I plan, for as long as this newsletter lives, to make the last post of every year a 100-word (or less) summary of each post published earlier that year. Thanks for reading!
In chronological order:
1: A history of grades
Jack Schneider and Ethan Hutt explain that grading is complicated because grades serve (at least) two functions: internal communication (e.g., from a teacher to a student) and external communication (e.g., from an undergraduate program to a graduate program). As schooling expanded, administrators sought standardization for managerial purposes, but the meaning of letter grades remains unclear today. Traditional grading is also controversial from a pedagogical perspective; many intuitively believe that grades are necessary for motivating students, but others point to their “destructive effects” on learning.
2: Off the Mark (review)
Schneider and Hutt also wrote a book, Off the Mark, that proposes improvements to grading practices. In this post, I described five: provide grade-less feedback, create digital portfolios, foster intrinsic motivation (more on that in a later post), use common performance tasks, and make grades overwritable. I’ve experimented with grade-less feedback, but I haven’t reached any definitive conclusions. The other improvements are generally harder to implement but no less interesting.
3: Why pseudocode?
Algorithms courses often use pseudocode, which might seem weird: its syntax is ambiguous, it doesn’t actually run, and array indices typically start at 1. So why am I a fan? First, it’s more widely accessible. For example, anyone with some programming experience understands “for i = 0, 1, …, 9”, but they might not understand the Python equivalent “for i in range(10)”. But more importantly, pseudocode can communicate the ideas behind an algorithm without the syntactical clutter that accompanies many programming languages.
4: Learning about learning
In a 2024 article, Neil Brown, Felienne Hermans, and Lauren Margulieux explain how humans learn and some implications for education. For example, teachers should reduce “extraneous load,” or anything that’s not inherently necessary to whatever’s being learned. (I think writing in pseudocode is a good example.) Memorization enables experts to “free up their cognition,” and unsurprisingly, cramming is not the best way to study. Improvements in spatial skills seem to improve overall cognition, which has “caused much consternation” since transfer is so rare. Finally, peers can be better teachers than experts.
5: Is live coding worth it?
An ICER 2023 paper compared two approaches to lecturing in CS1. In particular, the experiment involved two groups: in the “static-code” group, the instructor used pre-written code examples, and in the “live-coding” group, the instructor wrote code live in an IDE. The outcomes were largely the same (e.g., the groups had similar course performances), except “students in the live-coding group were more likely to disagree that lectures held attention or facilitated note taking.” My hunch is that a combination of the two approaches yields the best of both worlds.
6: Taking photos impairs memory
As described in a previous post, memorization is helpful for solving new problems.
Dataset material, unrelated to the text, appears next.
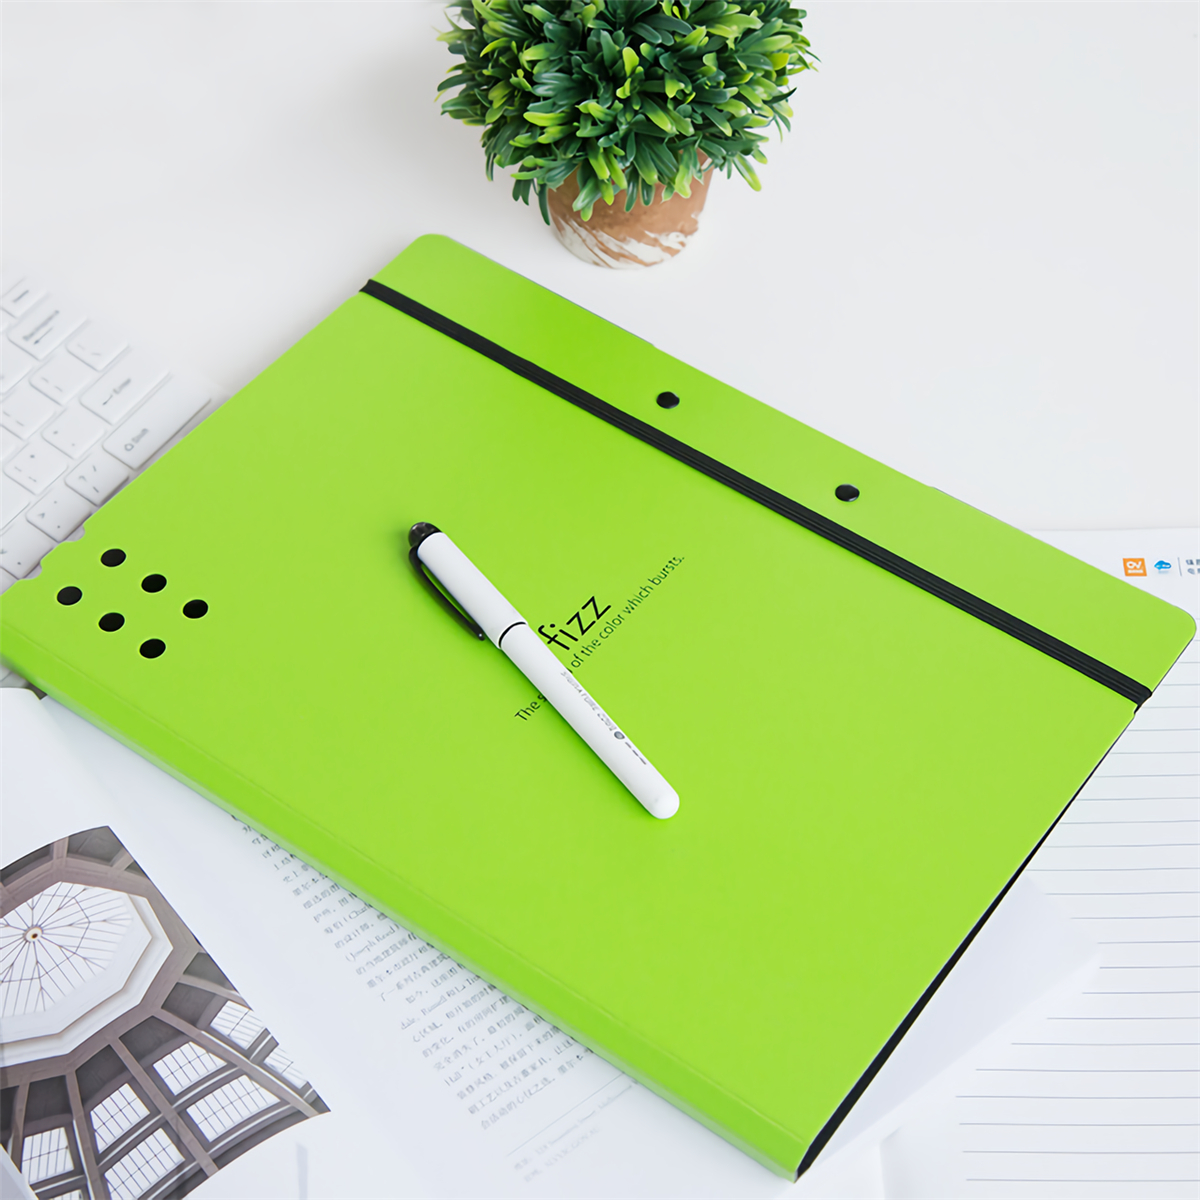 GUANGBO A6382 A4 File Folder High Quality Candy Color Thicken Test Paper Clip Holder Plywood Document Folder Office School Supplies

If you’re trying to memorize the details of a painting, it’s plausible that the act of taking a photo would help because you’d have to focus your attention on the painting. However, the “photo-taking-impairment effect” states that the opposite is true, i.e., subjects in this paper who took photos of a painting did worse on a memory test than subjects who only observed the painting. The authors, Julia S. Soares and Benjamin C. Storm, cite “attentional disengagement” and “cognitive offloading” as the two major theoretical accounts.
7: The Widening Gap
An ICER 2024 paper suggests that Generative Artificial Intelligence (GenAI) tools help some students while hindering the progress of others. The immediate problem is that GenAI can give misleading (or even incorrect) suggestions, but other problems are more insidious. One student “struggled to fix basic errors,” so even though they produced a correct solution (with substantial help from GenAI), the authors believe that the student was “conceptually behind in the course material but unaware of it due to a false sense of confidence.” The authors end by suggesting a few “novice-friendly” GenAI tools.
8: Increasing intrinsic motivation
It often feels like we’d solve many challenges in education by increasing students’ intrinsic motivation; Ayelet Fishbach and Kaitlin Woolley propose a few strategies. First, let students pick an activity that they enjoy (e.g., allow a variety of possible course projects). Second, provide immediate benefits that accompany the activity (e.g., snacks and music in a math class). Finally, direct students’ attention to the immediate, positive experience of an activity (e.g., aha moments). It’s corny, but at the end of the day, I think learning should be fun!